Fibromyalgia, Back Pain, Neck Pain and Headaches are often related to treatable sleep problems.
What is Fribromyalgia?
Fibromyalgia is a condition of chronic pain, located in the muscles and soft tissues rather than the joints (it is not an arthritis). It is characterized by tender points that occur in typical locations and that are painful when pressure is applied to them.
Where are tender points typically located?
Common locations include:
- The base of the skull and back of the neck
- The soft tissues over the shoulders
- The chest wall, just below the clavicles (over the pectoralis muscles)
- Along the lateral aspect of the legs, both above and sometimes below the knees
What do tender points look like under a microscope?
Normal tissue! While tender points can be “broken up” and eliminated temporarily by skilled therapeutic massage, using techniques such as accupressure. However, unless aggravating factors are eliminated, they tend to recur.
What other symptoms tend to accompany the pain of Fibromyalgia?
- Persistent fatigue and unrefreshing sleep
- Generalized stiffness
What other problems occur frequently in patients with Fibromyalgia?
- Headaches; TM joint syndrome
- Chronic fatigue
- Irritable bowel syndrome
- Cold sensitivity
- Exercise intolerance
- Complaints of weakness
What are some factors that worsen Fibromyalgia?
- Poor sleep
- Repetitive motion, excessive exercise and poor posture
- Anxiety and depression
How common is Fibromyalgia, and in whom does it tend to occur?
- It has been called the most common cause of chronic, widespread musculoskeletal pain.
- It is more common in women and tends to “run in families”.
What is the relationship between sleep and Fibromyalgia?
- It was found years ago that patients with fibromyalgia tend to have poor quality sleep.
- Early studies noted excessive amounts of alpha activity (the normal waking EEG rhythm of the brain) persisting during sleep: making the person appear as if they were awake and asleep at the same time! Since many patients who sleep lightly and poorly state that they are very aware of everything around them, even during sleep, this finding seems consistent with how they feel!

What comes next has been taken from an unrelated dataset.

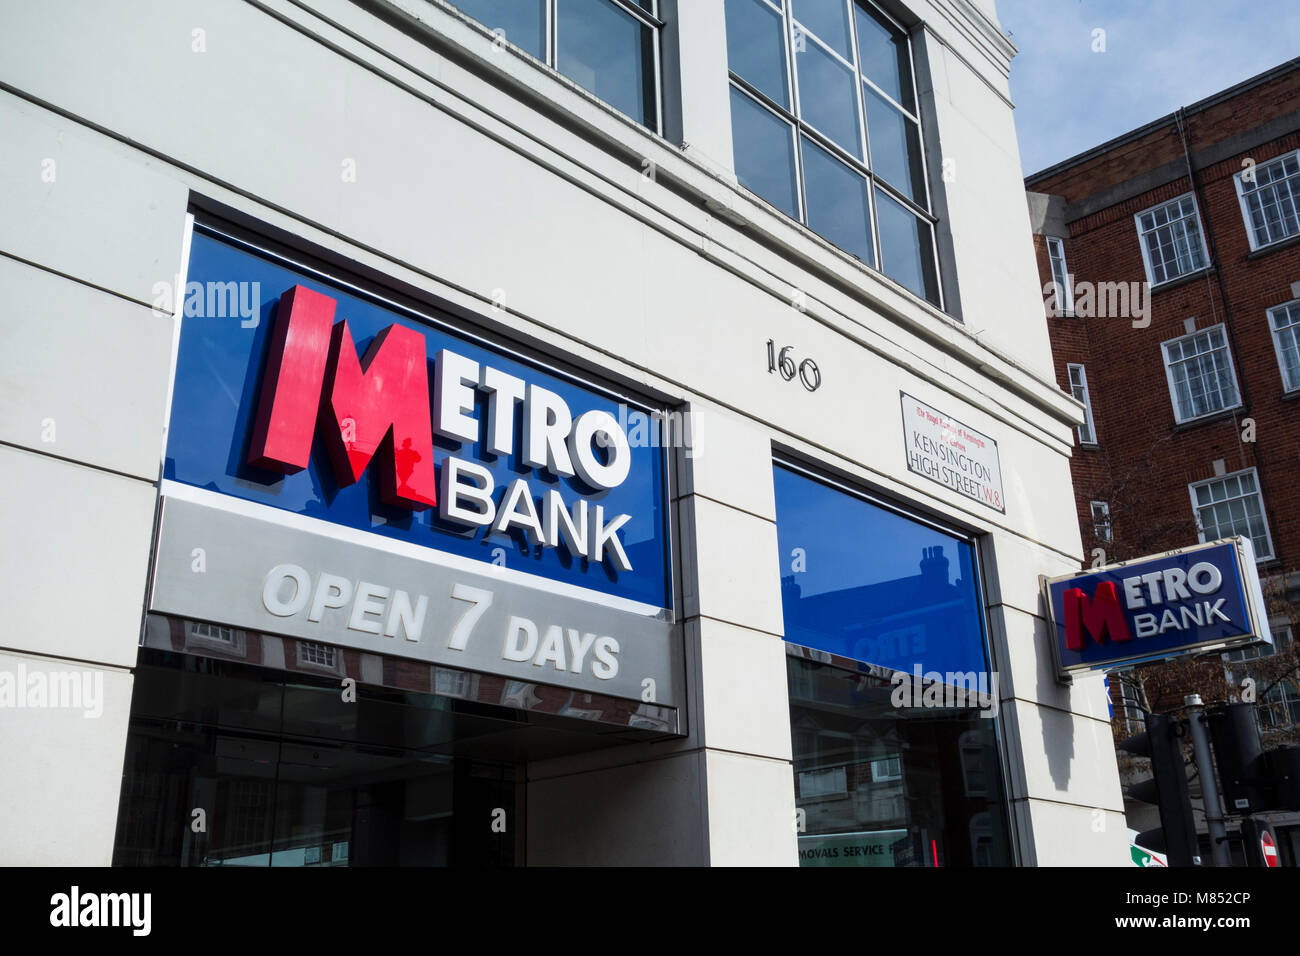 Banque Métro sur Kensington High Street, Kensington, London, UK Banque D'Images

However, this finding of persistent alpha activity is not always present, and it has been noted in patients without fibromyalgia.

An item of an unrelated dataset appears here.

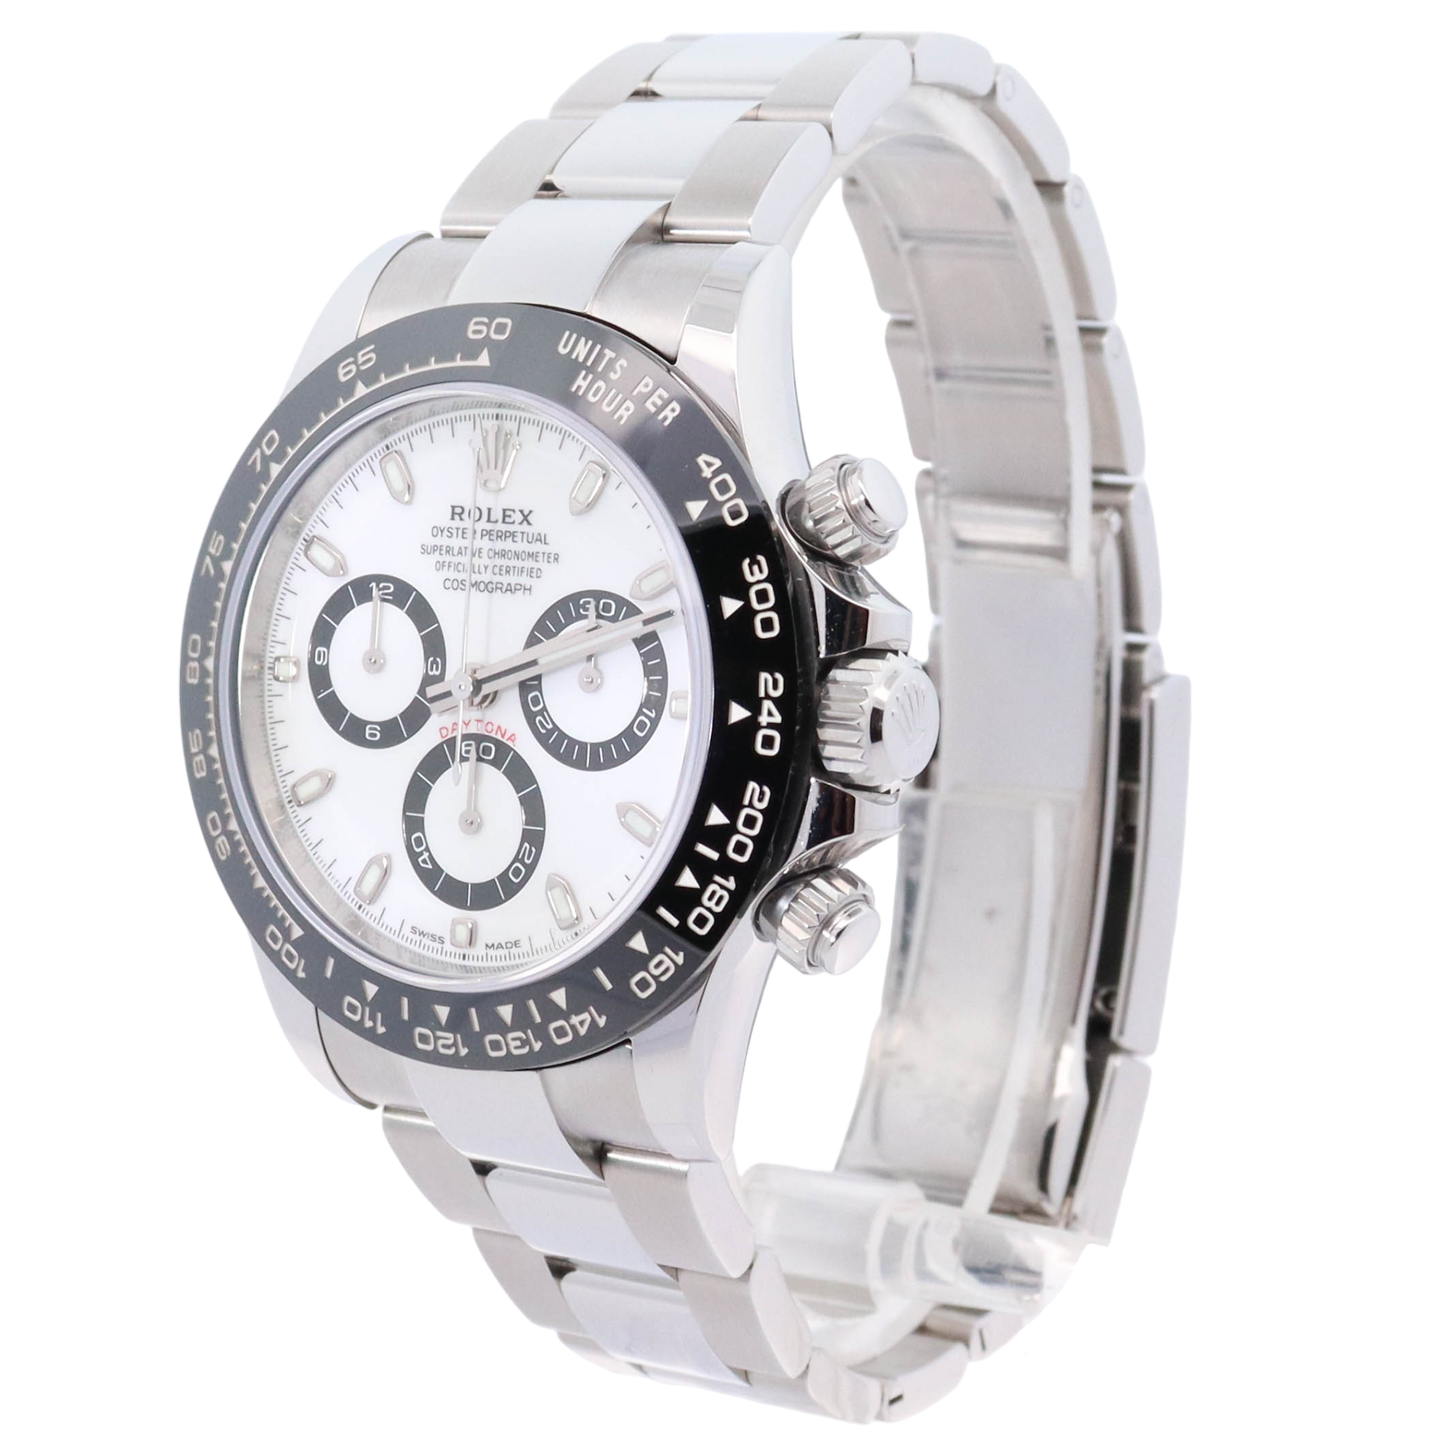 Rolex Daytona Stainless Steel 40mm White Stick Dial Watch Reference #: 116500LN - Happy Jewelers Fine Jewelry Lifetime Warranty

- Fibromyalgia sufferers tend to lack normal amounts of slow wave sleep (stages 3 and 4 of non-REM sleep, also called delta sleep). These stages are the deepest, soundest stages of sleep. They have been felt important for the restoration of the body during sleep.
- It also was found that if one deprives normal people of slow wave sleep, they develop fibromyalgia symptoms! Thus, one can imagine a vicious circle being established. The more pain, the worse the sleep quality, with less stage 3 and 4 sleep–which then makes the pain even worse.
- And a recent investigation found SLEEP APNEA in 80% of fibromyalgia victims. Sleep apnea fragments sleep, thereby reducing slow wave sleep. Sleep apnea is extremely common–potentially serious if severe, with such complications as heart attack, high blood pressure, stroke, heart failure and sleep-related highway crashes–and eminently treatable!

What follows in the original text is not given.